Everything about the world of Kayla Day is equally saturated in nostalgia and modernity. From her chipped, one-coat manicure to her L.L.Bean backpack (with embroidered initials, of course) to her unenthusiastic clashing of cymbals in band, Burnham surrounds his subject with the relatable tropes of adolescence. Watching Kayla pick up her sixth grade time capsule provokes an intense flashback, just as the film itself does to our own youth. When she wins “Most Quiet” for her school’s eighth grade superlatives, I can’t help but remember my own win for “Most Helpful” and the terribly uncomfortable photoshoot that followed. It wasn’t these standard features of middle school that dated the audience for the rated-R movie, but rather those that correlated with the movie’s setting in the 2010s. Kayla is rarely seen without some combination of her cell phone, earphones, and laptop, taking Buzzfeed quizzes and scrolling through social media apps like Instagram and Snapchat. While putting in her earphones and ignoring her father at the dinner table might be a bit hyperbolic, the integration of technology into “Eighth Grade” is impressively realistic. It is most impactful in the form of Kayla’s YouTube videos, which give the movie a narrative and thematic arc beyond the surface plot of following her throughout her last week of the eighth grade.
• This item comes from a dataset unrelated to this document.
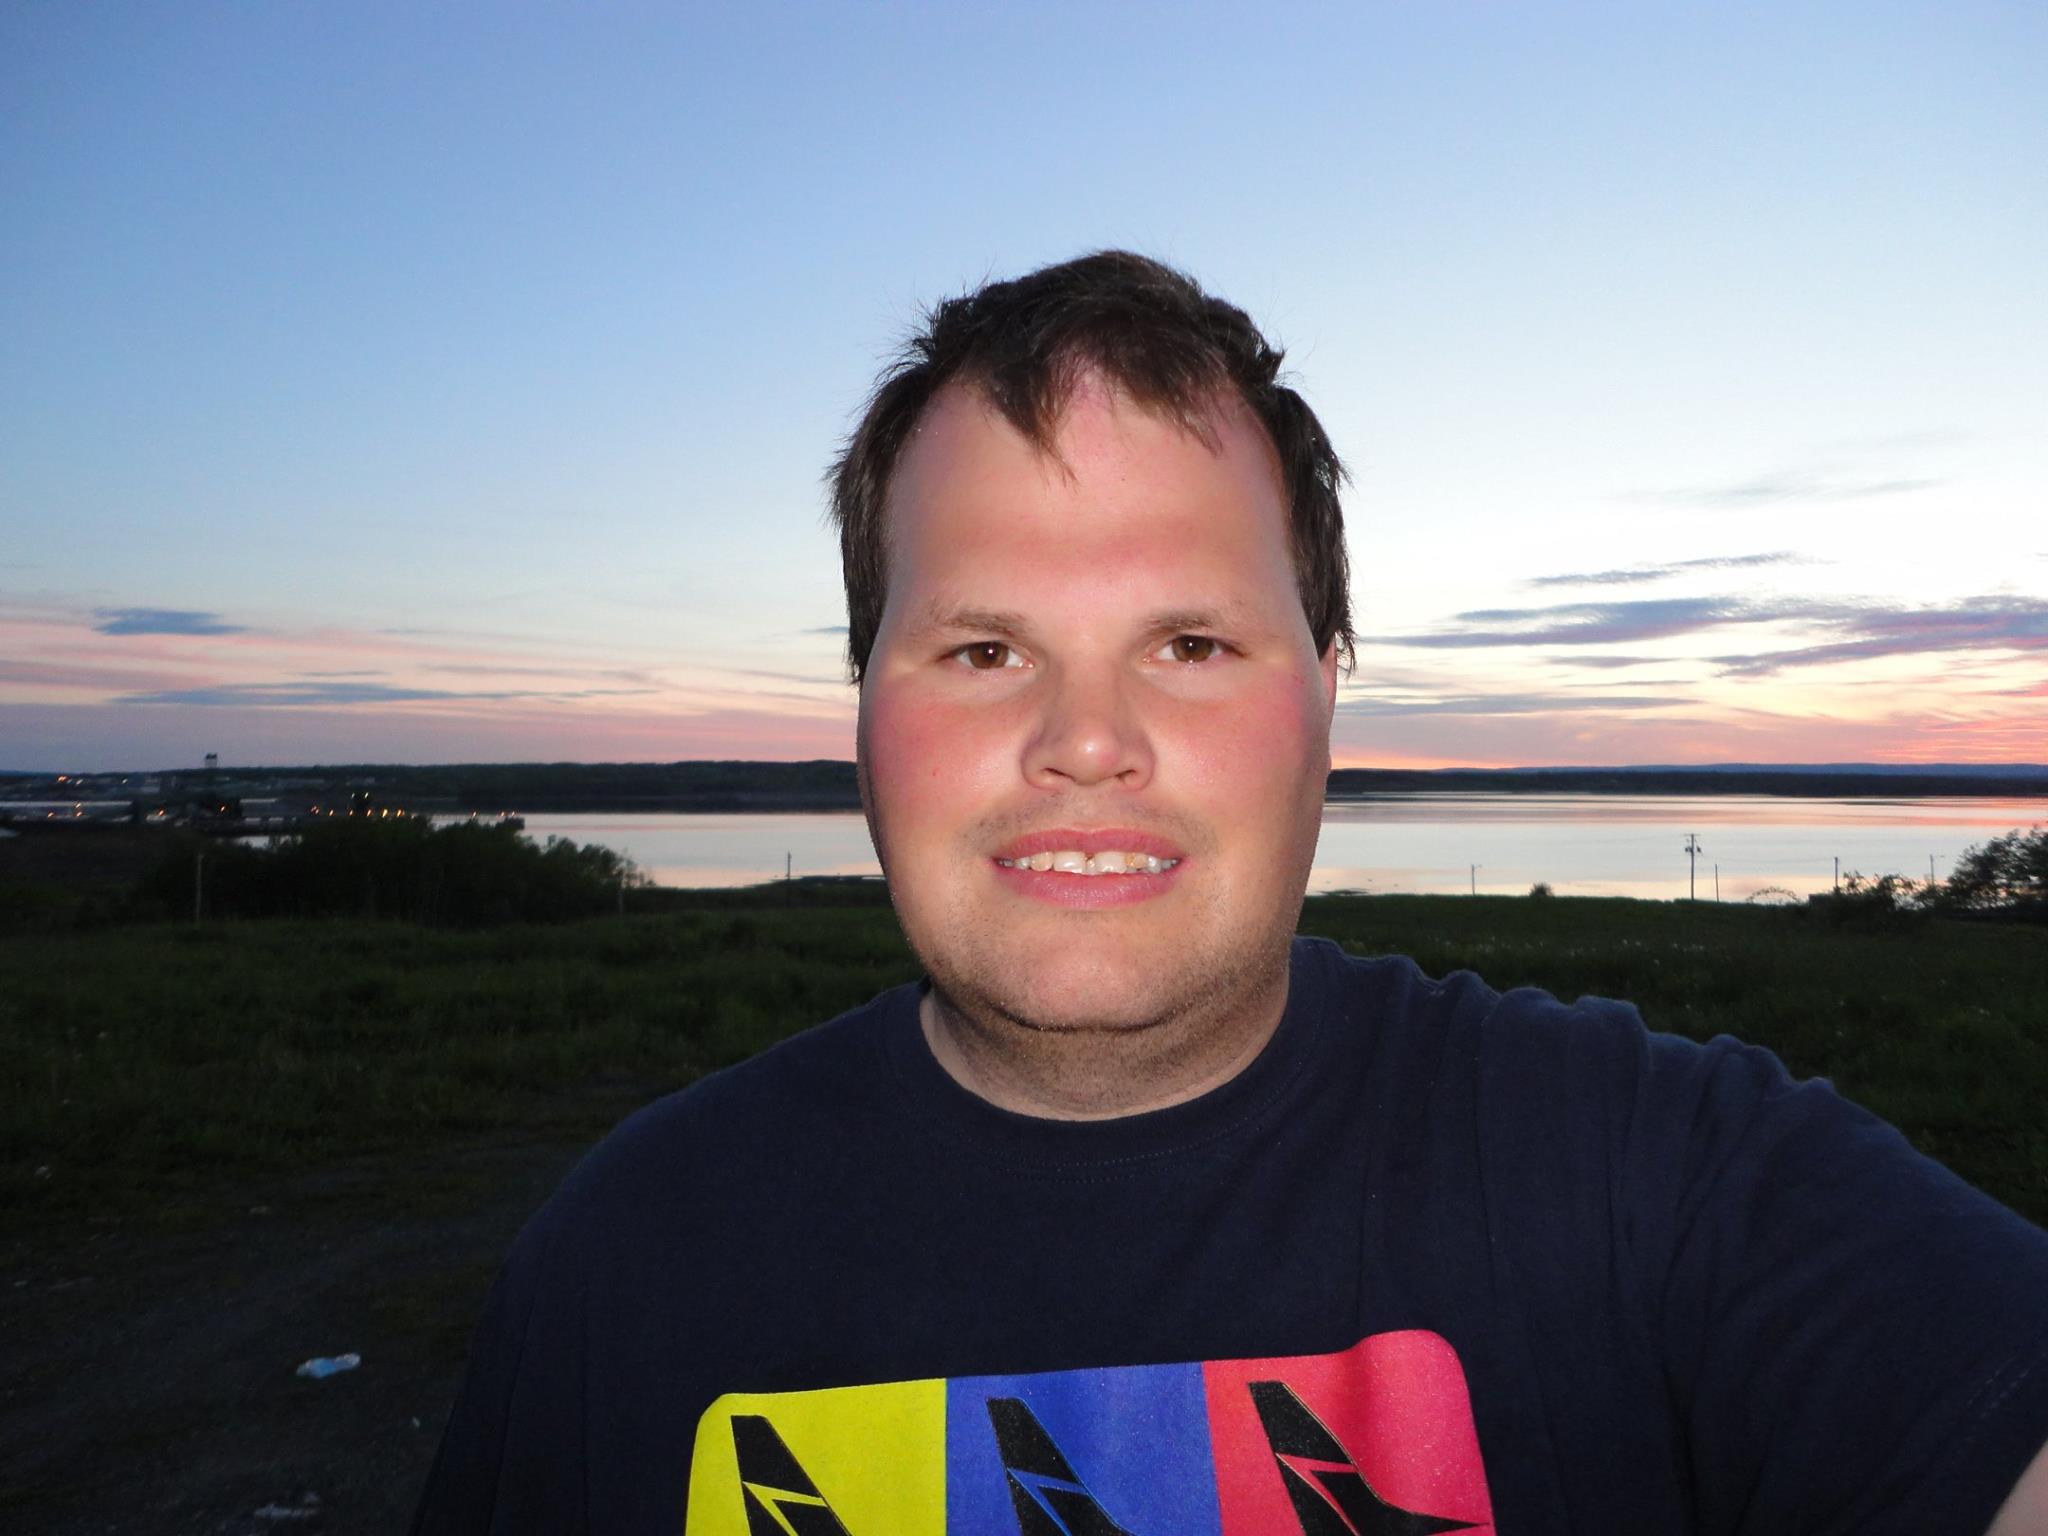 Frankie MacDonald is Enjoying the Warm Mid June Evening in Sydney Nova Scotia in the Whitney Pier Area and during the Sunset.

For all its careful and attentive construction, what really makes Burnham’s debut come to life is the acting, or not-acting, of “Despicable Me” alum Elsie Fisher. Her appeal is in her authenticity. “Eighth Grade” is a departure from the stereotypical coming-of-age film in that Fisher’s portrayal and Burnham’s writing of the character align perfectly with her age. Kayla is not particularly rebellious, edgy, or cynical. She’s not trying to change herself or prove herself by becoming someone else, but instead is trying to be the “The Coolest Girl In The World” (to borrow a phrase from the lid of that time capsule) by way of becoming confident in herself and her own personality. Kayla frequently pretends to distance herself from her father, going out of her way to inform him that he doesn’t need to worry about her anymore. She betrays this shell of aloofness more than once, following her father’s advice when he tells her to “put herself out there” in order to make friends and allowing him to comfort her with outstretched arms in her most difficult moments.
“If I’m being honest, I’m really not, like, the best person to give advice,” Fisher delivers, choking back tears after her attempt to make high school friends results in her rejection of the unwanted sexual advances of a high school senior. Her “no” to him just might be the most confident syllable she speaks in the entire movie. What Kayla can’t realize, but what Fisher and Burnham make so obvious to anyone watching “Eighth Grade,” is that she is the absolute best person to give advice. She may be young and naive, but she’s not jaded. While she may not follow all of her own principles—checking a particular popular girl’s Instagram one-too-many times in obvious self-comparison or letting her crush know she gives “blow jobs” only to rush home and Google what exactly that phrase means—Fisher’s Kayla is nevertheless optimistic. The motivational sticky notes she posts around her mirror assure her that things will get better, and it’s clear that both she and her audience believe them.